Sen. Kerry says Gen. McChrystal's plan ‘reaches too far, too fast'

U.S. troops prepare to fire mortars in Konar province. McChrystal has requested 44,000 more troops.
U.S. troops prepare to fire mortars in Konar province. McChrystal has requested 44,000 more troops. (David Guttenfelder/associated Press)
By Mary Beth Sheridan
Washington Post Staff Writer
Tuesday, October 27, 2009

Sen. John F. Kerry declared Monday that he opposes sending more U.S. troops to Afghanistan unless the government and military there improve their performance, and said the top American military commander in the country is moving "too far, too fast" in recommending an increase of more than 40,000 troops.

Kerry (D-Mass.) spoke in what was billed as a major address at the Council on Foreign Relations, after he returned from a fact-finding trip to Afghanistan. His remarks have particular weight because he heads the Senate Foreign Relations Committee and is a key ally of President Obama's.

In his address, Kerry seemed to search for a middle ground between some on the right who have called for a troop buildup and others on the left who have advocated a military drawdown and a tight focus on counterterrorism.

"A narrow mission that cedes half the country to the Taliban could lead to civil war and put Pakistan at risk," Kerry said. But he also argued against a troop surge, unless three conditions could be met: better Afghan governance, a bigger civilian development effort and a supply of reliable Afghan security forces to work with U.S. troops.

He said Gen. Stanley A. McChrystal's plan, which calls for 44,000 troops to carry out a counterinsurgency campaign, "reaches too far, too fast."

"We do not yet have the critical guarantees of governance and development capacity," Kerry said. He added that he has "serious concerns about the ability to produce effective Afghan forces to partner with" in military operations.

Kerry said, however, that "under the right circumstances, if we can be confident that military efforts can be sustained and built upon, then I would support the president" sending additional troops.

James Dobbins, who served as a special envoy to Afghanistan during the Bush administration and is now at the Rand Corp., said that Kerry had made many "sensible" points in the speech but that he found the conclusion unsatisfactory.

"The argument seems to be that we're not going to send more troops until we start winning -- which seems to me to be an inversion of the usual sequence," he said.

Stephen Biddle, a senior fellow for defense policy at the Council on Foreign Relations, said Kerry's tone differed from that of McChrystal, whose recent assessment warned that the war could be lost without an infusion of troops.
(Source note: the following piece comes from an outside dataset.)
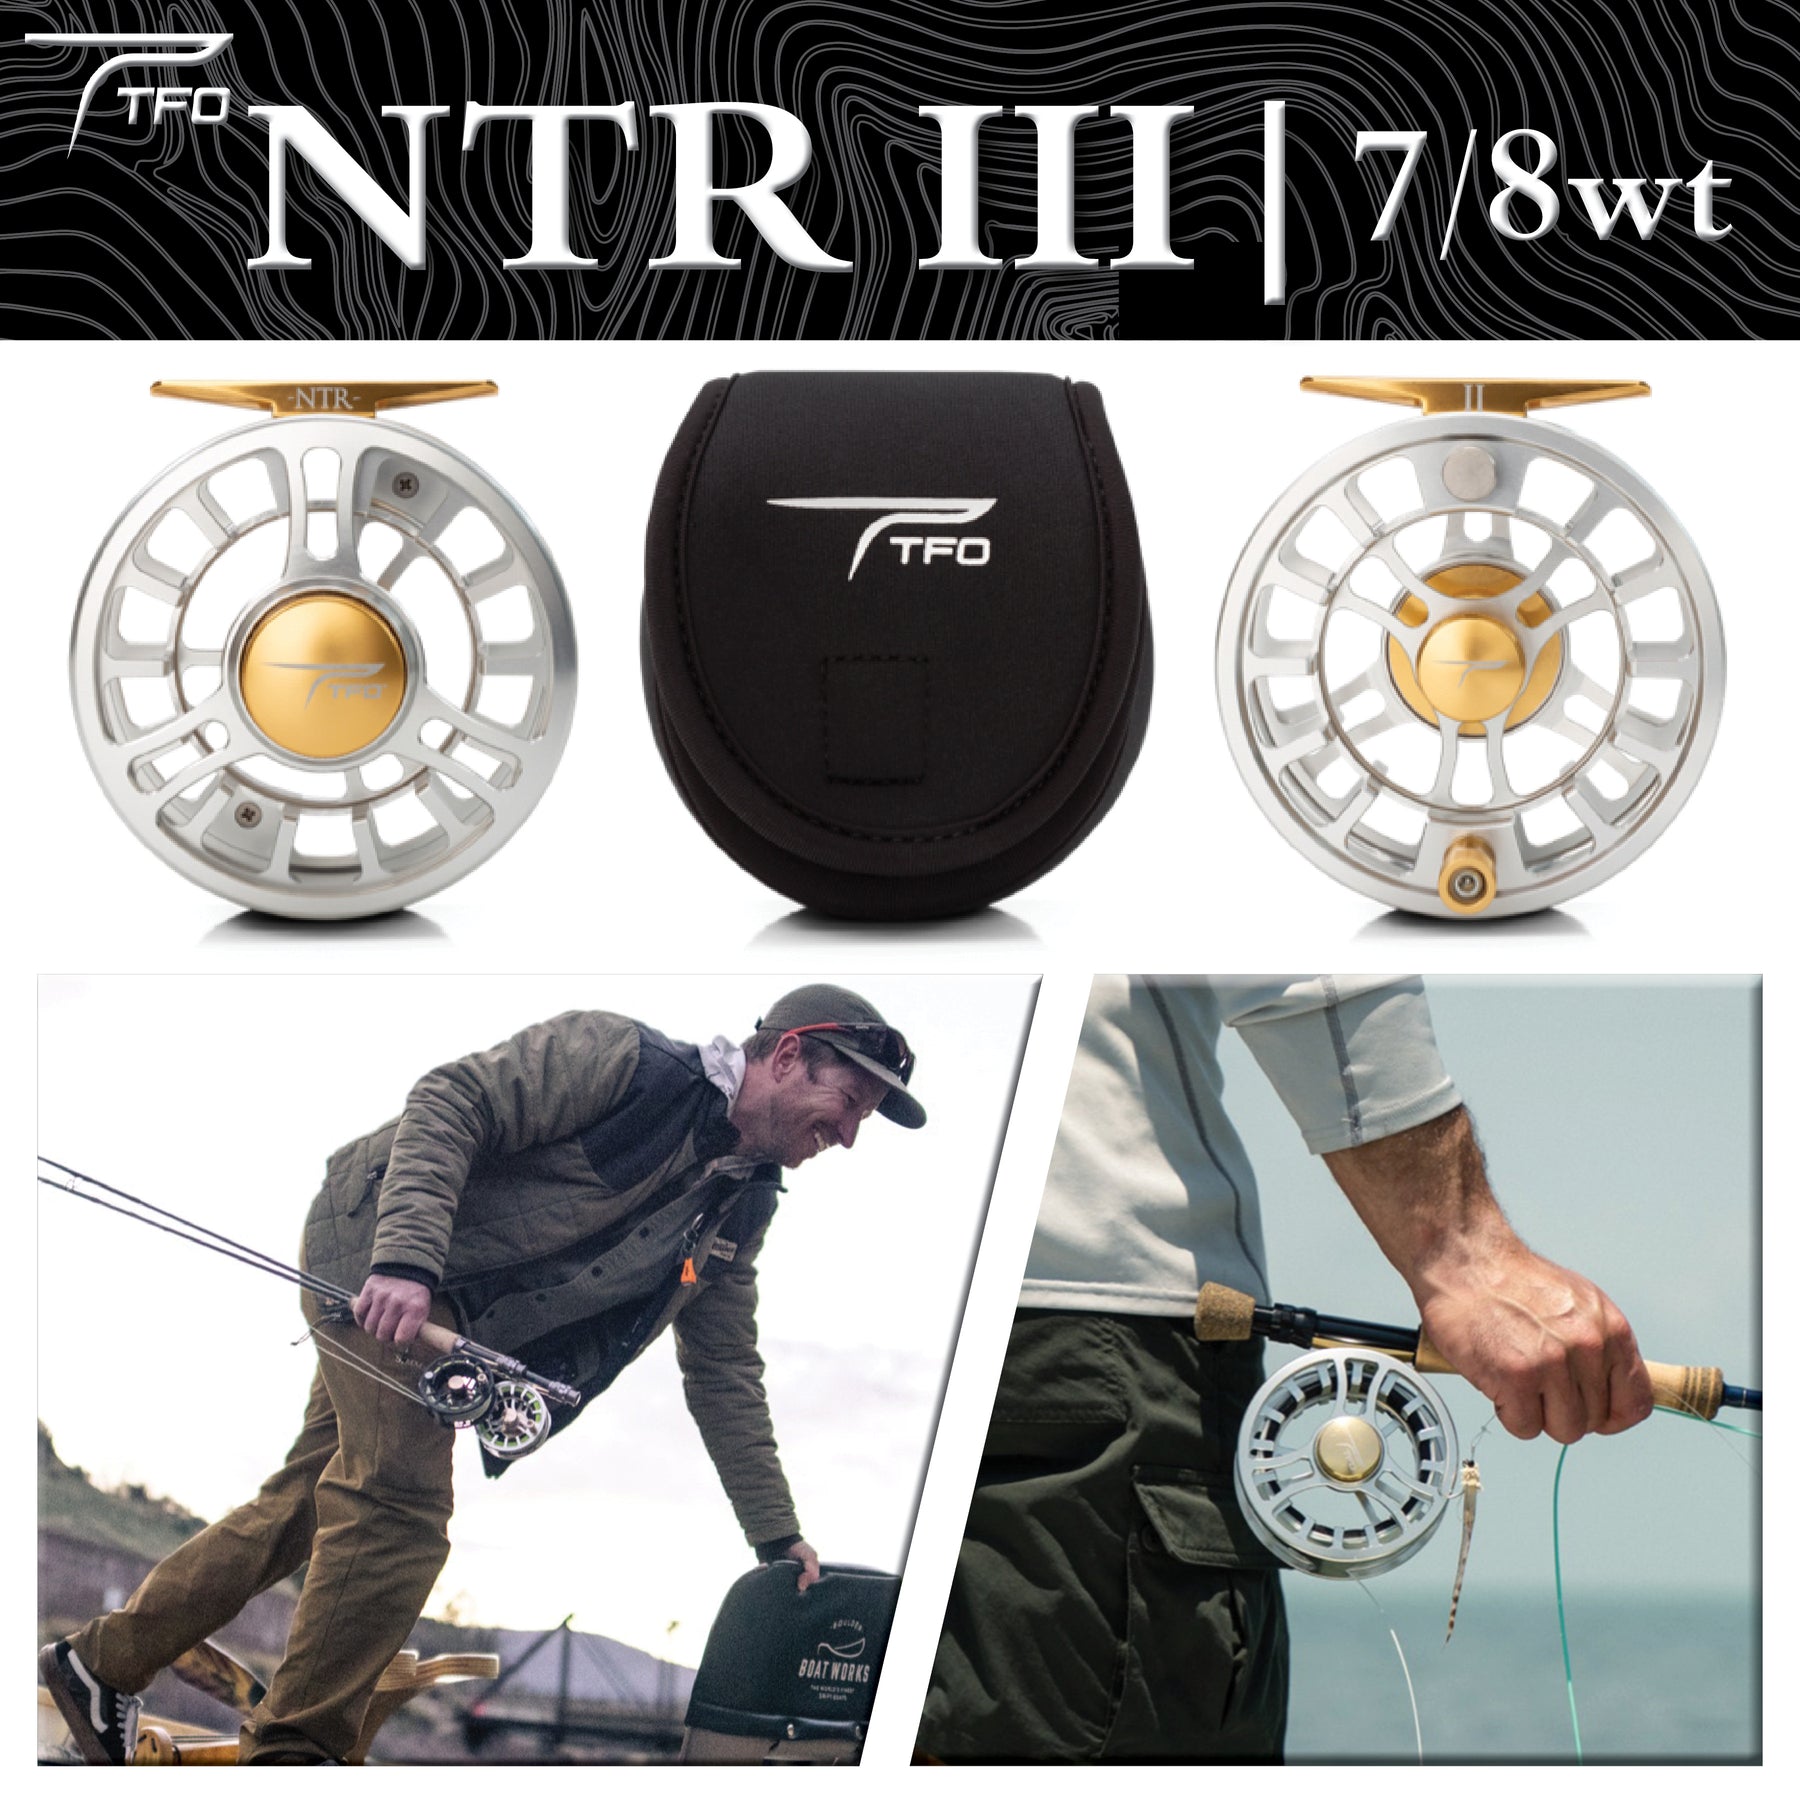 TFO TFR NTR III CG Silver 7/8wt Fly Reel – Raft & Fly Shop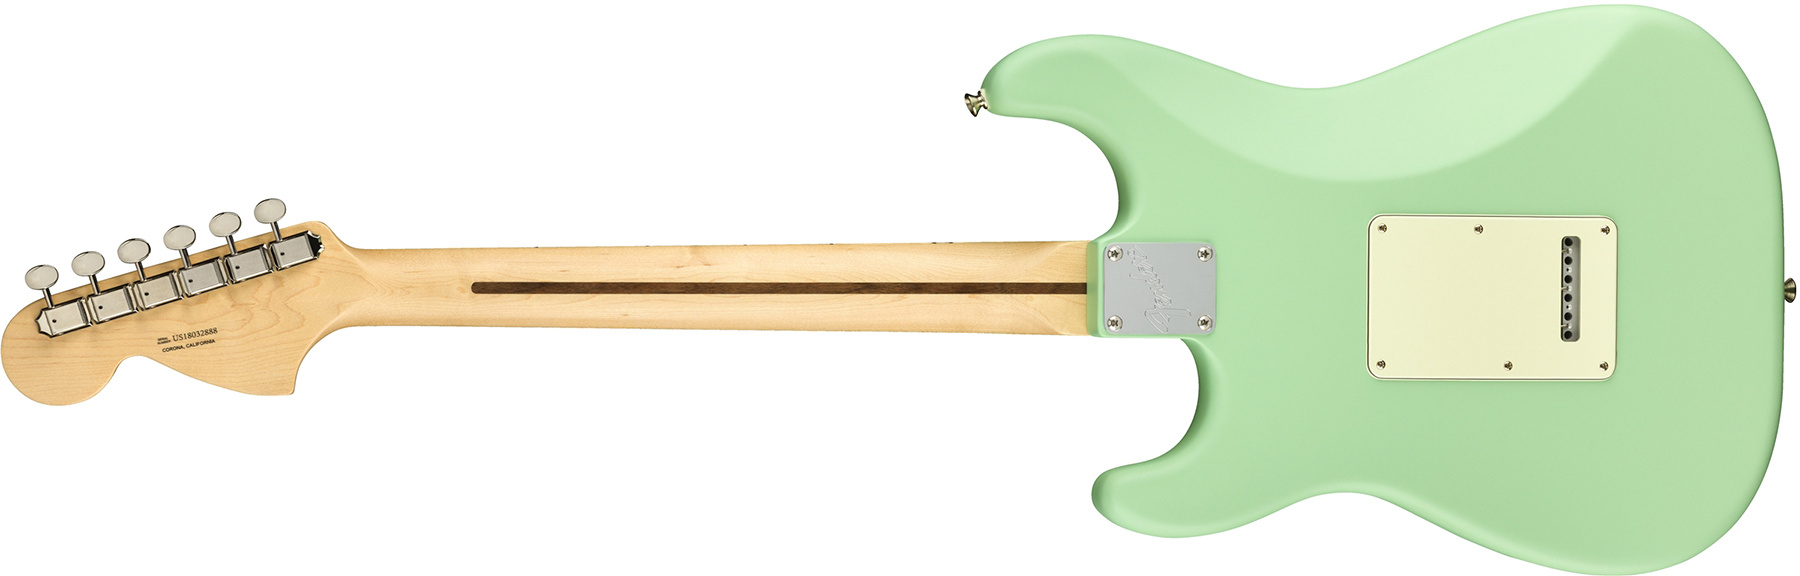 Fender Strat American Performer Usa Hss Mn - Satin Surf Green - E-Gitarre in Str-Form - Variation 1

But Biddle noted that the two men's analyses had a lot of overlap.

"They both think governance reform is essential, they both think economic development is essential, they both think the security of the people of Afghanistan is the center of gravity," said Biddle, who has advised McChrystal. "Both think the Afghan security forces should be expanded and we should put an Afghan face on the war.

"When you tick down the list of things Kerry said were very important, almost all of them were at the heart of General McChrystal's report."

Kerry called for NATO countries and the United Nations to do more to support development in Afghanistan, and said the U.S. civilian presence in the country is "disgraceful compared to what it ought to be." He said Secretary of State Hillary Rodham Clinton understood the urgency of dispatching civilians to help improve governance and provide services. "They're trying to find people as fast as they can," he said.

Deputy Secretary of State Jack Lew told reporters Monday that almost 300 U.S. agronomists, diplomats, legal experts and others had been sent to Afghanistan since March as part of Obama's "civilian surge," bringing the total there to 603. The administration expects to have almost all its commitment of 974 civilians on the ground by the end of the year, Lew said.

"We're tripling the number of civilians who are in place," Lew said. He added that there is a 10 to 1 ratio of locally employed Afghans working with the U.S. civilians.

But Lew said that only 157 of the U.S. civilians are working outside Kabul, the capital, because the military has not secured some areas and two new U.S. consulates have not been completed.

Lew also said that the U.S. ambassador to Afghanistan, Karl W. Eikenberry, had asked for an additional 300 or so civilians, but that no decision had been made on providing them.